Whether by launching new innovative medications for patients who didn’t have a treatment choice or were not optimally treated or by making sure trusted and proven medicines reach patients at the right place and right time– we are touching people’s lives in a positive way. We understand this when we hear patient stories or feel the impact of good medication on the health of our loved ones. This is what keeps me striving for success – the ability to continuously make life better for people around me!

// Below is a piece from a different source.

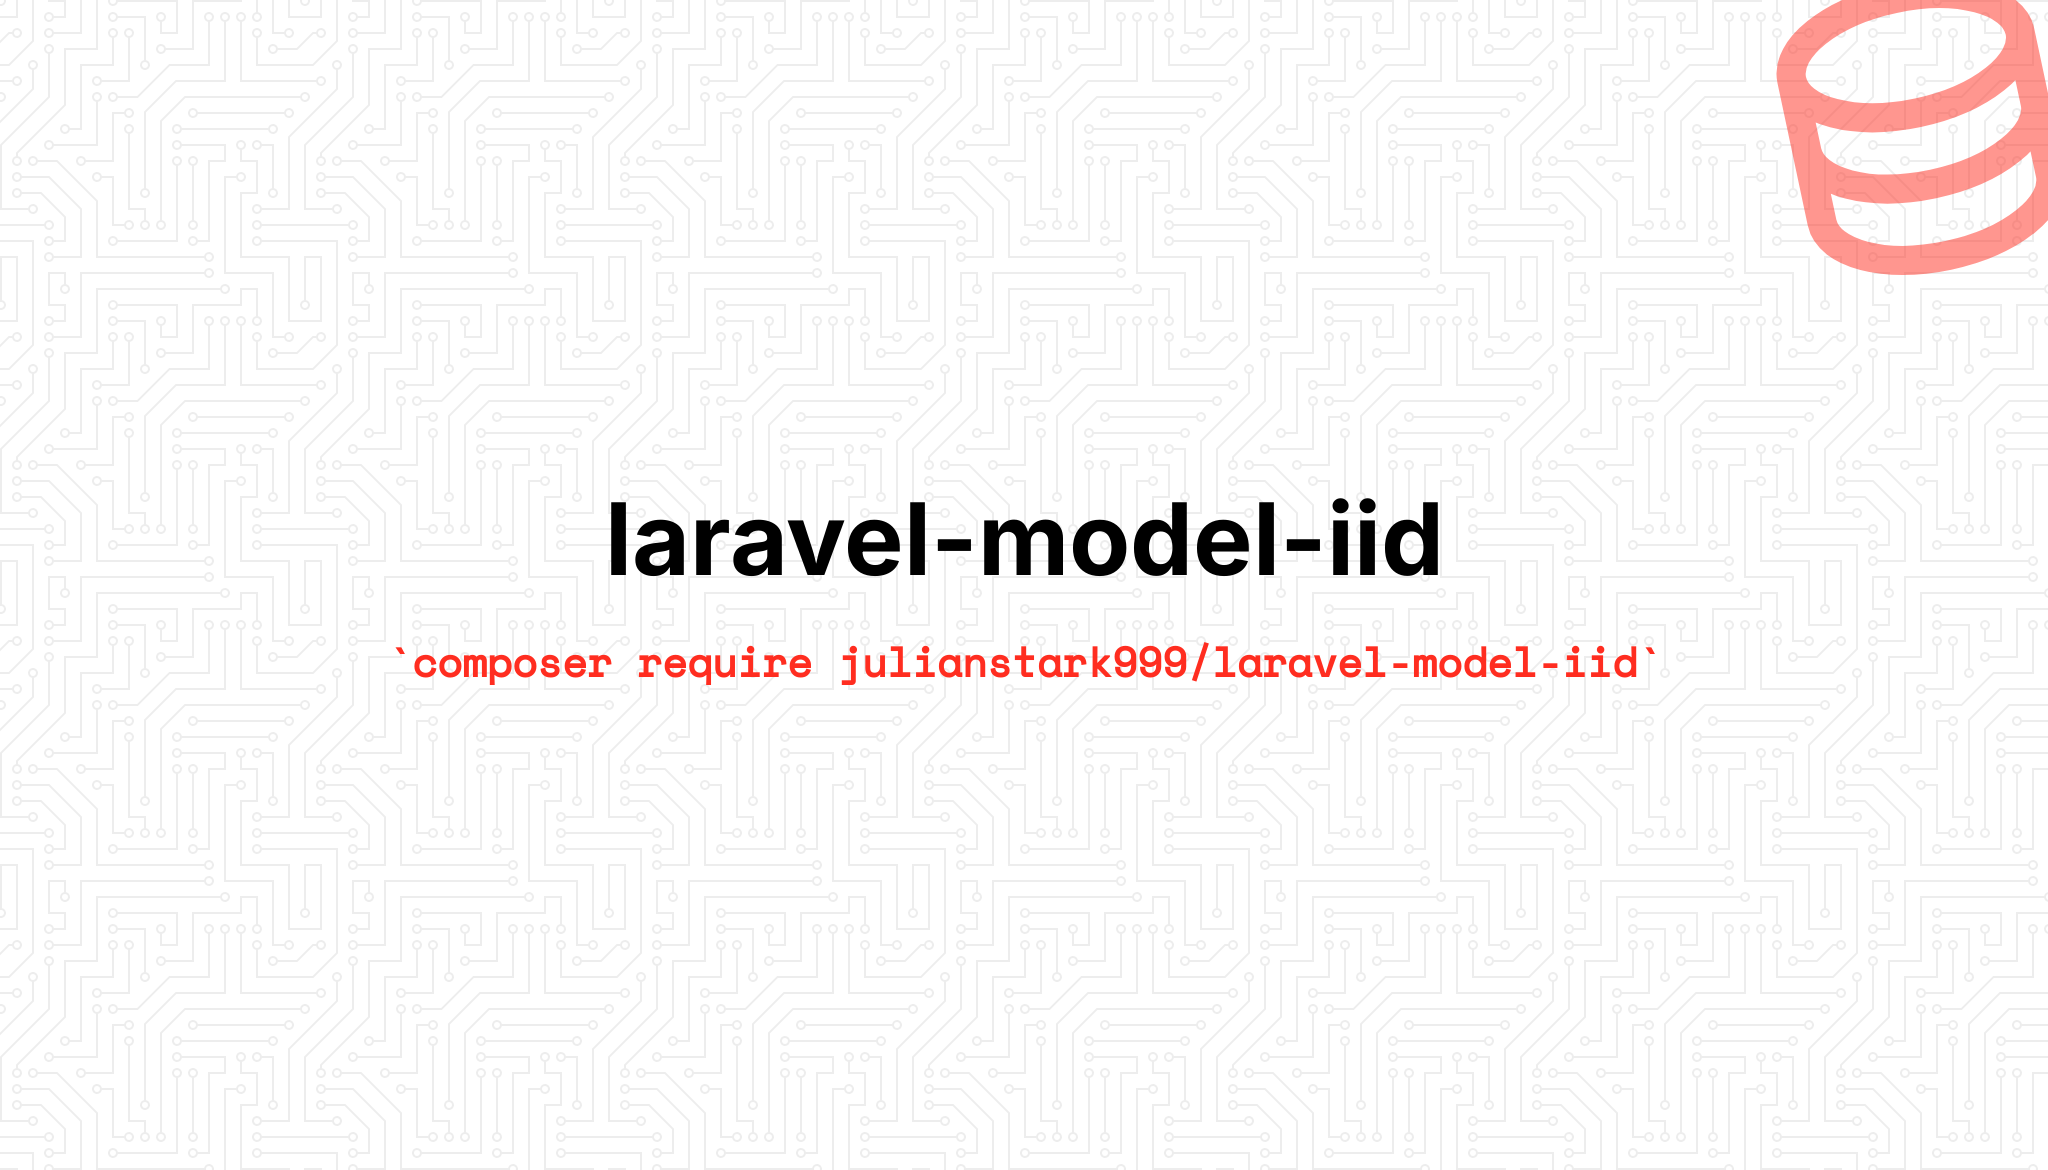 Social Card of Laravel Model Iid

I have experienced this personally in my previous capacity as Gulf country manager for Pfizer (we did not have Upjohn at this point). The Ministry of Health and Prevention’s efforts to fast track registration in the country and the milestone of registering medicines in UAE in some cases immediately following Food and Drug Administration (FDA) approval are incredible. Back then, we worked with the Ministry to bring an antibiotic for the treatment of patients with multiple drug resistance. Having explained how incredible this product was, we were able to register it in the UAE as the first country in the Middle East. Three months later, my mother was diagnosed with a respiratory issue and she was admitted to hospital in Egypt; however, within one month she developed multiple drug resistance. Sending her this medicine from UAE helped her to live for another six months. This is what I dream of accomplishing every day for patients all over the world who do not have access to essential and lifesaving medicines.